I learned what true generosity looks like from you when Jonah came into our lives.  It wasn’t just the blankets or the books or the outfits, though I will say thanks to you, he has been cozy, well read and an exceedingly sharp dresser since the day we brought him home!  It was the cards and letters telling us that you adopted your children too.  Or that you yourselves are adopted.  That the three of us would never be alone in navigating this uniquely miraculous, joyful and challenging journey into family life.  What’s more, you surrounded Jonah with the kind of love Michael and I had only dreamed of.  To watch him tear around after many of your children while they laugh together now is to watch someone feel in his bones that Temple is his home.  And that’s the wish I have for all of us.  No congregation could have been more understanding or expansive than this one in modeling not only what a Jewish community is, but also what one does.

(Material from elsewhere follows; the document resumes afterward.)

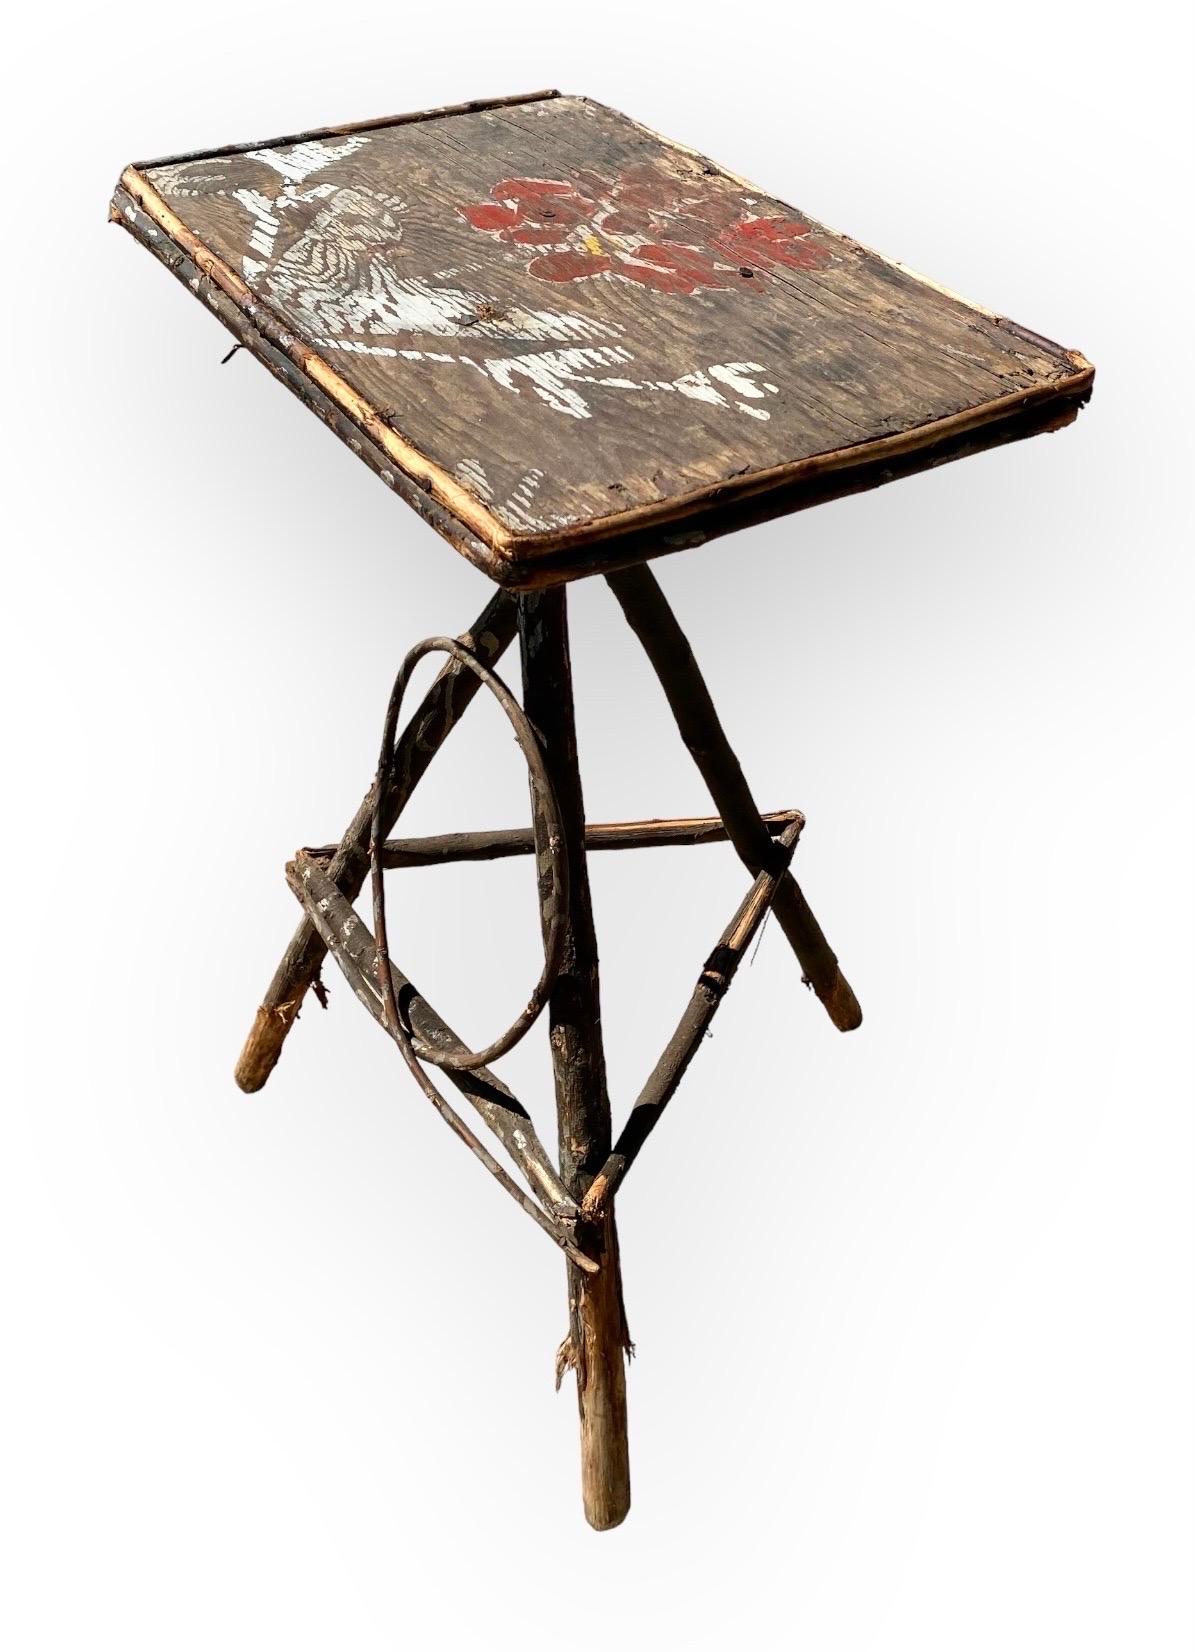 This is an original Adirondack stand or side table with a dark finish decorated with silver painted leaves and a charming aged folk art brick red bird and floral study on the top. The base has a vine and end caps on all the wood and cross hatching

So returning to the words of Rabbi Lamm, and the tension and excitement of hope that he muses on, what are my hopes for you in this New Year, and in the new years to come?

Because make no mistake: the challenges ahead are formidable.  “Ein kemach, ein Torah,”2 our rabbis taught.  Without bread, there is no Torah.  Without enough material sustenance, there is no learning, no prayer, no communal good to stay committed to.  We do always seem to have about half as much money as we need… half as many volunteers and staff as we wish for.  The inventiveness and individual ingenuity that animates the Bay Area too often dominates to the understanding, taken for granted in generations past, that synagogue affiliation is good for the soul – not to mention a gift for the generations to come.  In short, it is all too easy to feel that we are straining under the weight of that human ladder, reaching for a singularly beautiful bird, but too insubstantial to bear the weight of those limbs above us!  As the New Year comes into focus, what we see together, what we learn together and what we hope – together – is that we are now and always in it together.

I hope you will keep reaching.  Like that unnamed girl balancing precariously, yet held steady by the foundation of her people, I hope that you continue aspiring to joy, understanding, and menschlichkeit. I hope you will continue to have conversations that matter, even when they are hard.  I thank you – how I thank you – for giving me a place, a voice, a chapter in the story.

In the chapters to come, you will find more stories, more voices, more wings waiting to take flight.3  You will find the ending you need most.  You will find the beginning too.

L’Shana Tovah.

 


 

1 “Sound and Spirit: Borderlands.”

2 Avot 3:21.

“Little Women,” adapted by Heidi Thomas.  Masterpiece Theater production, 2017.